Первый курс - не почерпнуть ли жизненных сил в ошалелости? Витя и вправду ошалел от радости, когда увидел, что среди его однокурсников нет ни единого аллигатора, ибо все они хоть что-нибудь да изображали. Изображали в том числе и вульгарность, но игра в вульгарность, все равно несущая печать иного, высокого мира, порой лишь пикантно оттеняла его присутствие - может ли быть всерьез вульгарным какое бы то ни было суждение о е...х дифференциалах (они еще не входили в курс средней школы). А эротические правила сопромата были прямо-таки эзотерическими, хоть Витя и не знал этого слова: была бы пара - момент найдется. Витя таял даже от прямых глупостей, ибо и они несли на себе отпечаток иного круга, он сделался активнейшим пользователем студенческого фольклора: во второй раз, скажем, заварить один и тот же чай - взять производную; производной называлась и выпивка, купленная на бутылки от предыдущей пьянки, пьянка же, у которой существовала вторая производная, именовалась грандиозной.
До второй производной Витя не добирался, но в первой участвовал, и не раз.

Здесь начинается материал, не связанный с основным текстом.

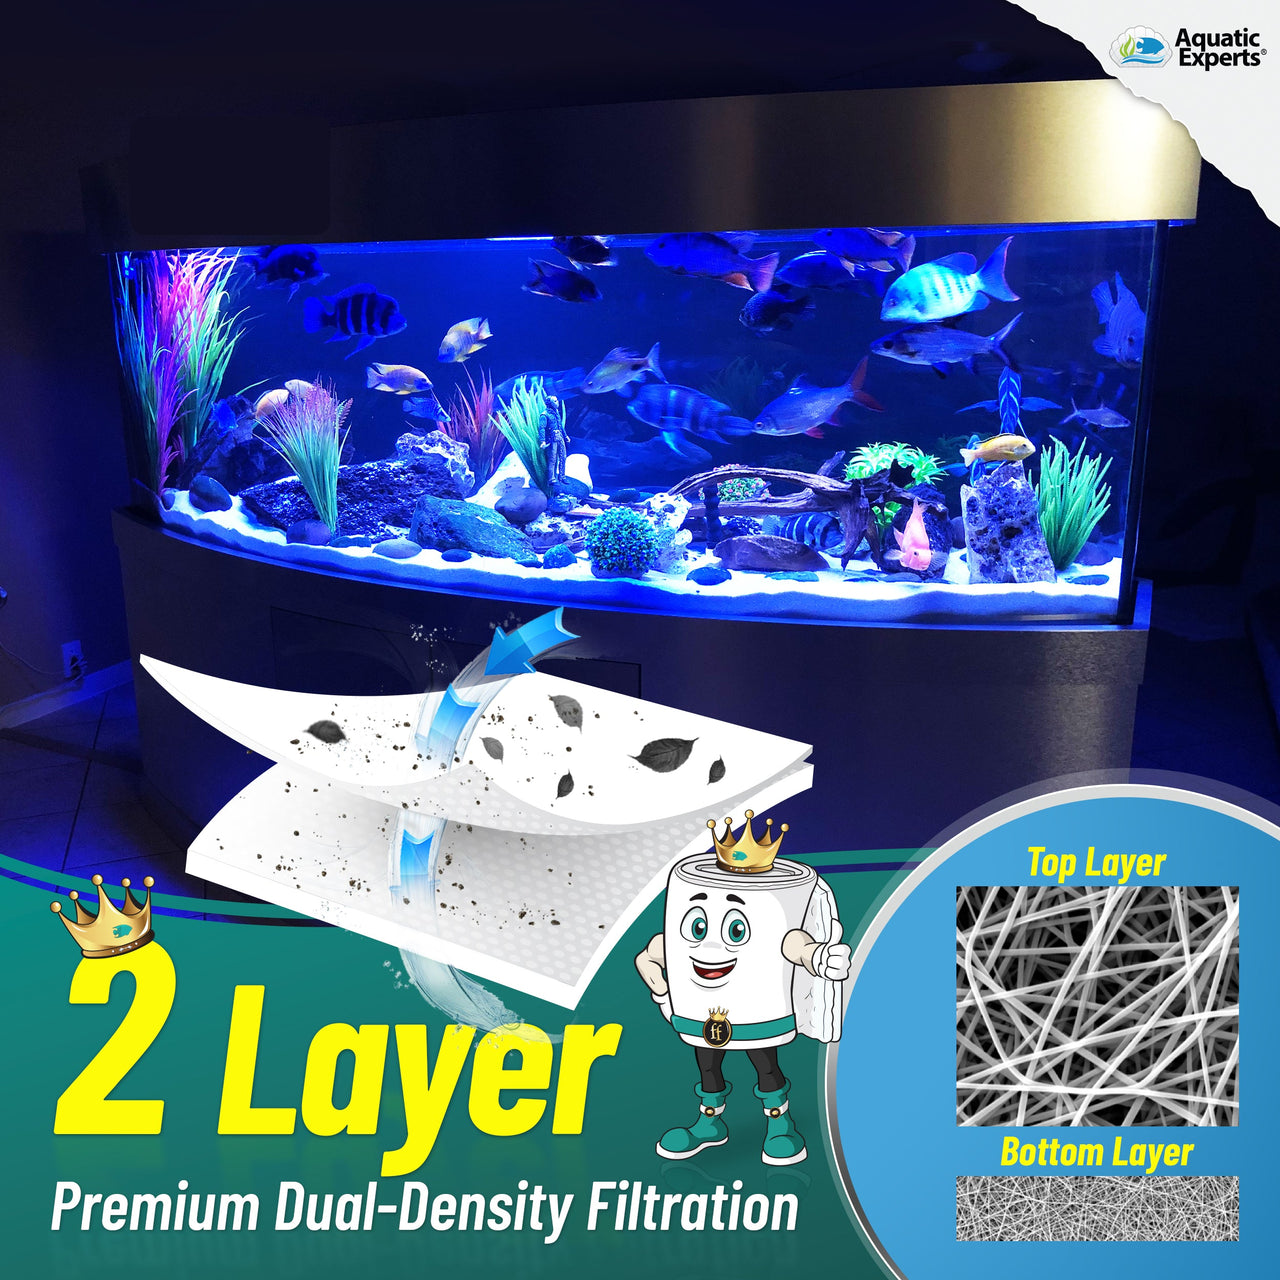 FilterFirst Premium True Dual Density Filter Media Roll - 12" X 72" X .75" Filter Pad Aquatic Experts

Витя млел от счастья, встречая все новых и новых ребят, которые были умнее его, замечая все новых и новых девочек, которые были неизмеримо чище и утонченнее. В будущем это сулило страх оказаться их недостойным, но пока с него было довольно, что они существовали, и существовали рядом с ним - им лишь овладевала кратковременная серьезность, когда он оказывался в соседстве с которой-нибудь из них... Витя не уставал дивиться, сколько их на свете чистеньких, умненьких... Но купаться в радостном возбуждении все же предпочитал в обществе таких же ошалевших, как и он сам.